A previously dark monitor lit up with flashing text:
INTRUDER BREACH. 60 SECONDS TO SELF-DESTRUCT.
“Dirty Fuzzmuppets,” Ana Sofía muttered. The code was complicated and dense. Ana Sofía was certain she could make sense of it if—
45 SECONDS TO SELF-DESTRUCT.
Her heart was pounding so hard the motion of it distorted her vision. She noticed in a parallel database table all the data the Micro-Manager had collected on Squirrel Girl and the squirrels. Physical limits, top speeds, personality profiles. Holding her breath because she was so nervous it actually hurt to breathe, Ana Sofía merged the squirrel personality data with the data that drove the drones’ AI subroutines.
10 SECONDS—
She ran up the stairs and out the front door so fast she might’ve had temporary squirrel powers. The police tape tangled around her ankles and she fell face-first onto the front lawn. Behind her, she felt a low BOOM and seconds later, the bright yellow of fire eating the house from the inside out.
She saw neighbors come outside to look, cell phones in hand to dial the fire department. So Ana Sofía ran down the block to a pocket park and collapsed behind a tree, breathing hard.
Something was wrong, though she couldn’t place it at first. Why was everything so still?
Aha. There were no squirrels. Anywhere. The neighborhood was empty of little fuzzy-tailed shadows twitching about acorns and justice.
All the squirrels had abandoned the neighborhood, and even now perhaps were locked in mortal combat with micro-bots in a warehouse by the river. Along with Squirrel Girl.
It wasn’t till she reached for her cell phone that Ana Sofía realized how badly she was shaking. But she took a deep breath and bravely sent out a group text.131
ANA SOFÍA
Squirrel scouts! I know those online videos made SG look like a villain but it’s lies. She is a hero, a super hero even. I believe that and don’t care what anybody else thinks. Right now she’s fighting the real villain. He calls himself the micromanager and he’s the source of most of the thefts in our town.

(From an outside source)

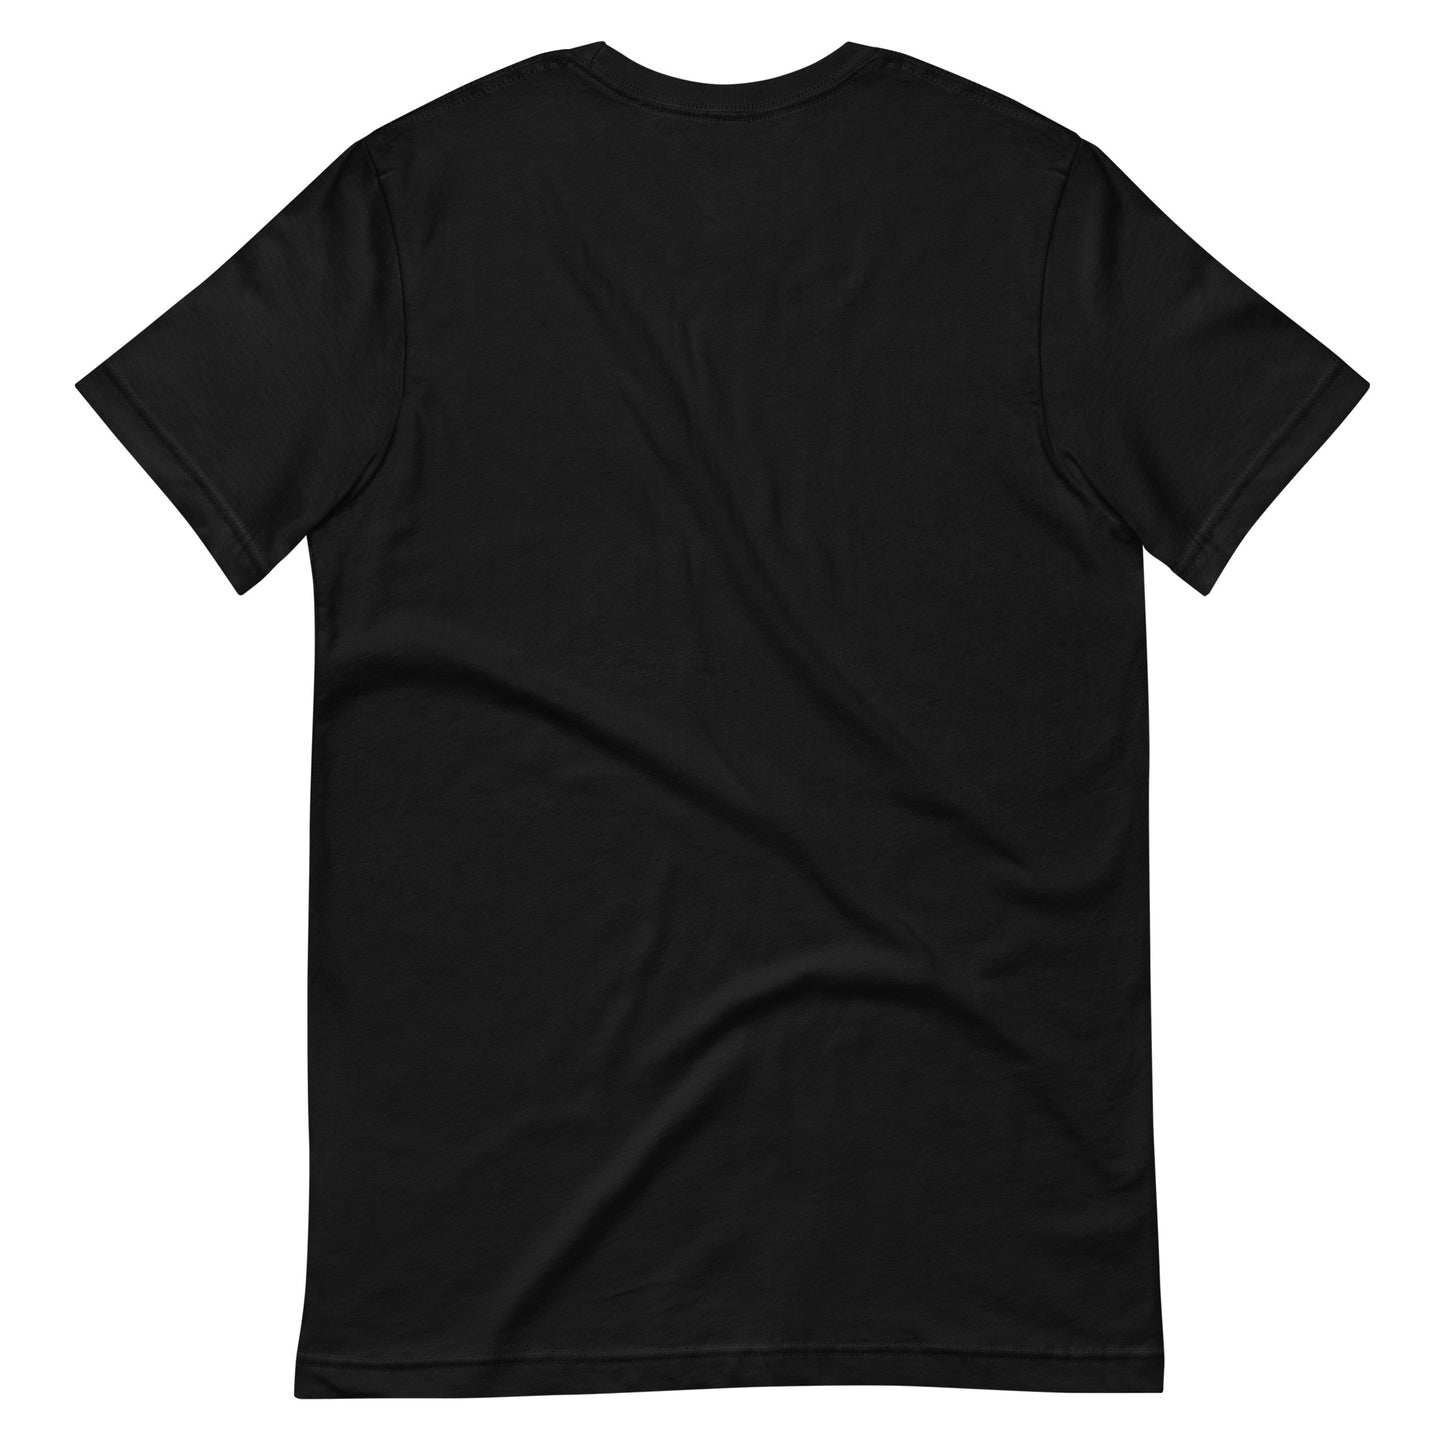 Paris Unisex T-Shirt

Just one guy being crummy turned this into a crummy place. One person can be powerful for good or evil. U r powerful too. What will you do? He wants to destroy SG bc she stands in his way. I won’t let him! If any of u are still squirrel scouts meet me at the old Fly By Knight warehouse by the river and 14 St. It’s time to defend the weak the frightened and the interesting. It’s time to be brave and silly. It’s time to prove ourselves SQUIRREL SCOUTS!
SQUIRREL GIRL
They were losing.
Most of the squirrels were still on their feet, but they were hurt. They were tired. Squirrel Girl couldn’t even get near the giant pole and Dante. The micro-bots were everywhere.
Tippy-Toe was on Squirrel Girl’s shoulder.
“Chk-chukka!” she chittered.
“Yes,” Squirrel Girl said, kicking a drone out of the air. “More help would be nice. But I lost all my human helpers.”
“Chk-tik chuk,” Tippy-Toe said. She leaped onto a passing drone, tore out some wires, and leaped back onto Squirrel Girl’s shoulder.
“Where?” Squirrel Girl asked. Tippy-Toe nodded in the direction of the door they had come in, and she saw a handful of squirrels gnawing a hole in the corrugated steel of the door. The hole was big enough now that a squirrel could get through.
“Good, get everyone else out of here,” Squirrel Girl said. “I don’t want any more of you getting hurt. I can finish this by myself.”
She believed it when she said it. If she had enough time and enough space, she was convinced she could smash every drone in the building before she died. Not having the squirrels around to worry about, not having to be concerned with their safety, might make things easier. In a way. Her dying seemed inevitable. But her victory did, too. She had to save Dante. Any other outcome was simply incomprehensible.
A twitching drone flew near her. She punched through the blades, grabbed it, bit it in half, and threw the pieces to the ground.
“Good.” The Micro-Manager’s voice echoed through the speakers in each drone. “Give in to your anger.”